You know, the type of revolutionary that says you should not be exploited by working in dangerous conditions, with dangerous chemicals, or dangerous machinery; the type of revolutionary that wants to use the wealth of America’s industry to take care of the labor force that sustains it, instead of discarding it when worn out; the type of revolutionary that says the ordinary man and his labor should have value and respect and not be subject to the character flaws of industry’s managers and their personal whims, that is the type of revolutionary that Jonah Goldberg speaks of. 

This is Mr. Goldberg in his most twisted perspective of Progressivism. Elevating the worth of Man by protecting him from exploitation is Marxist, activistic, and revolutionary and is somehow to be considered unAmerican and unpatriotic. 

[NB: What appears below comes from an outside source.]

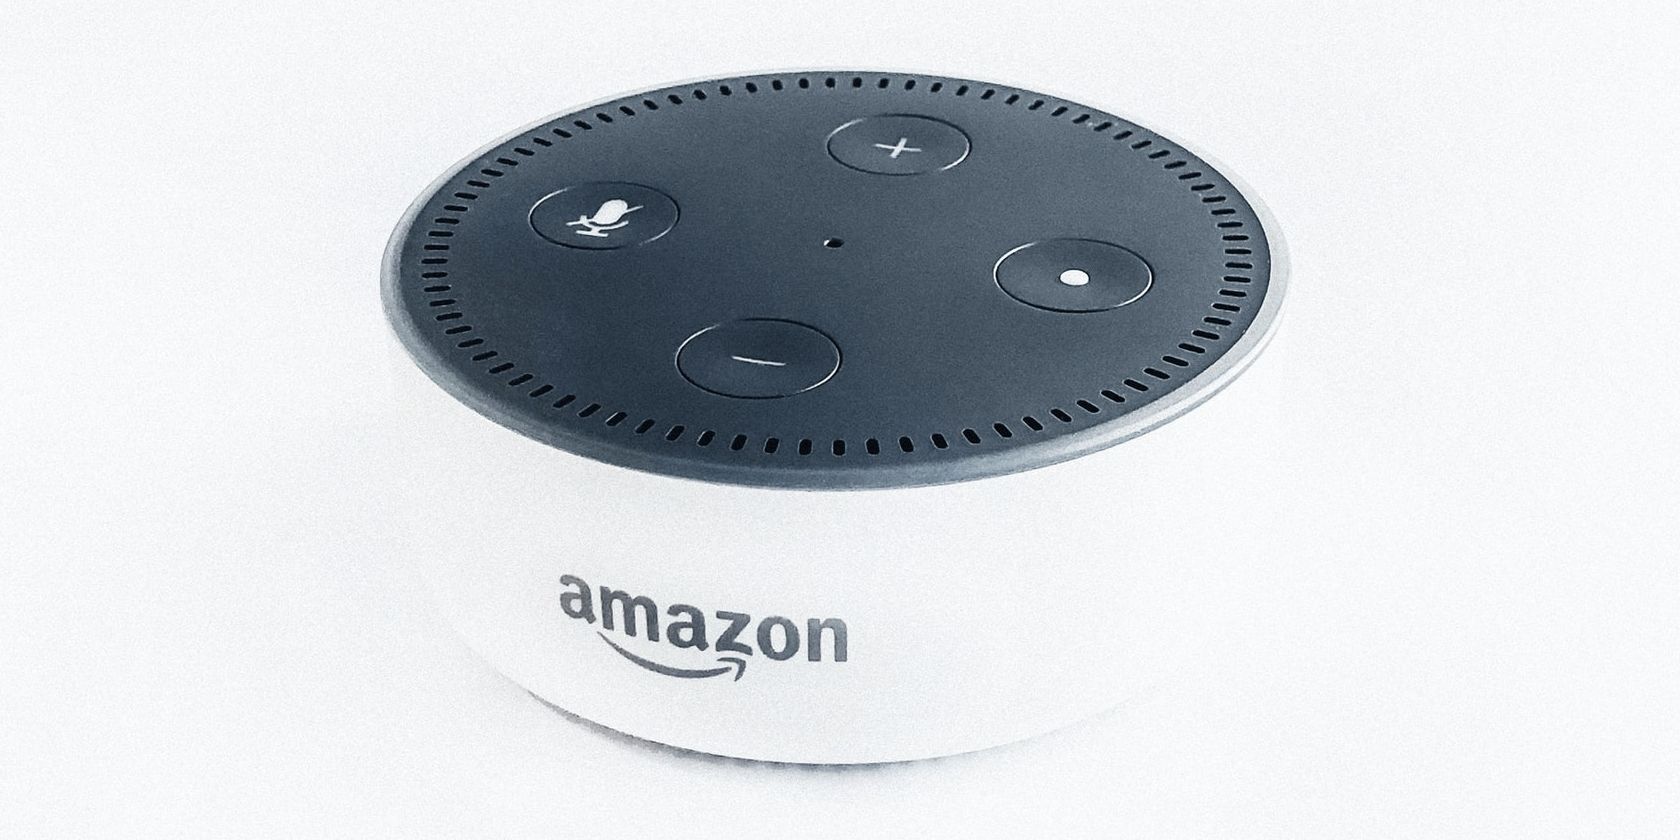 White Alexa device with Amazon logo.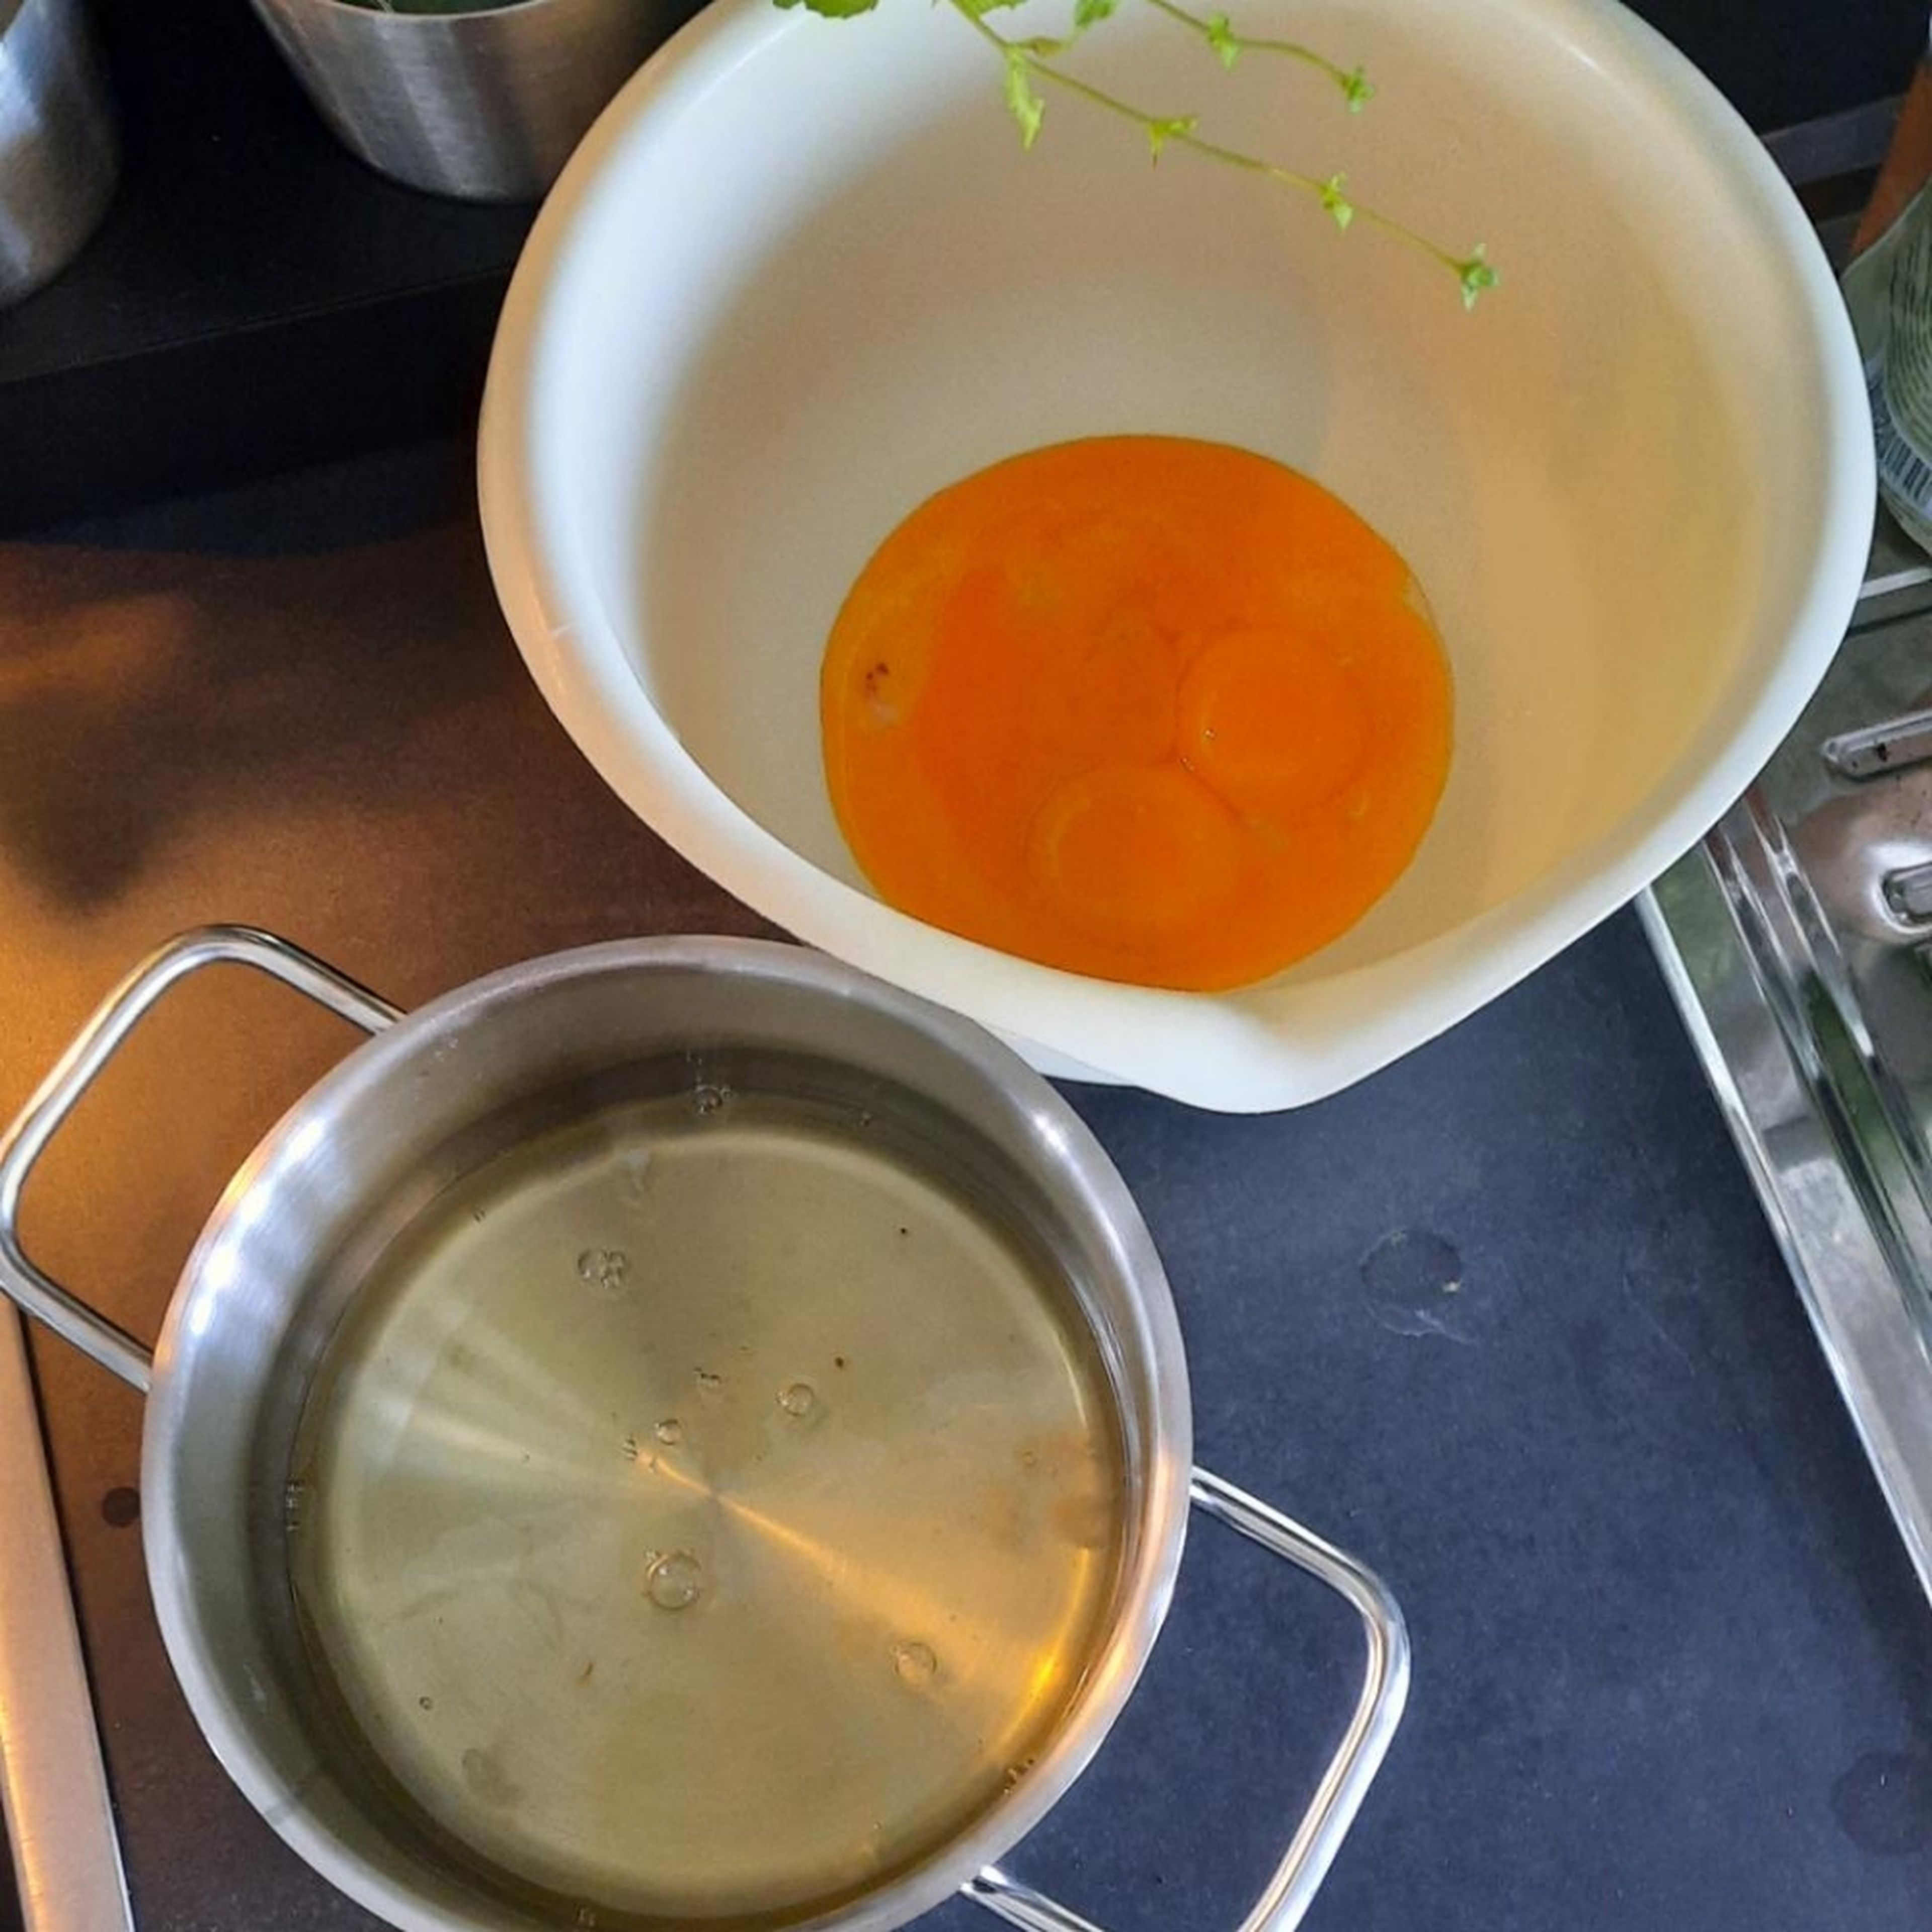 Backofen auf 180°C Umluft vorheizen. Die Eier trennen. Das Eigelb in eine große Schüssel geben und mit Wasser schaumig schlagen. 75g Zucker und Vanillezucker langsam einrieseln lassen und weiter schaumig schlagen.

But coming back to the article, Mr. Goldberg advises us that Sen. Obama’s problem is that he is not patriotic because Sen. Obama sees the glass as half empty. In other words, because the Senator sees “ We might need to change this or that policy or law, fix this or that problem”, the Senator has a “real patriotism problem”.

And that is the twisted thinking of Jonah Goldberg. First, he acknowledges that something may reasonably exist and then he explains why this very reasonable thing is a problem and connects the whole thing to marxist revolutionaries, Obama, and Progressives.

But can Mr. Goldberg do more? Why certainly. He can link an ordinary man running for president to being a Messiah. How so?

The notion that what America needs is a redeemer figure to “remake” America from scratch isn’t necessarily unpatriotic.

But let’s read the whole paragraph:

The notion that what America needs is a redeemer figure to “remake” America from scratch isn’t necessarily unpatriotic. But for lots of Americans who like America the way it is, it’s sometimes hard to tell when it isn’t.

So here we have the definitive Jonah Goldberg: Because Obama sees that America needs fixing, he has a patriotism problem; however, fixing that problem is not necessarily unpatriotic. (huh?) 

Ah yes, but let us equivocate just a little further and say that those who do not wish for change in America may find it difficult to tell that it is not unpatriotic. ( “…who like America for the way it is…”)

Now that we have gone round the circle,  we have learned that Mr. Goldberg’s definitive assertion in the beginning of  the article that Obama has a ‘real patriotism problem’ proves that his own statement is not true; however, he does believe that some people who aren’t as embracing of change (as Mr. Goldberg is) may believe that it is true. Along the way he has dragged in Marxism, revolutionaries, progressives, activists,  and liberal condescension. 

Is Jonah Goldberg an ass? After reading his article, I think so.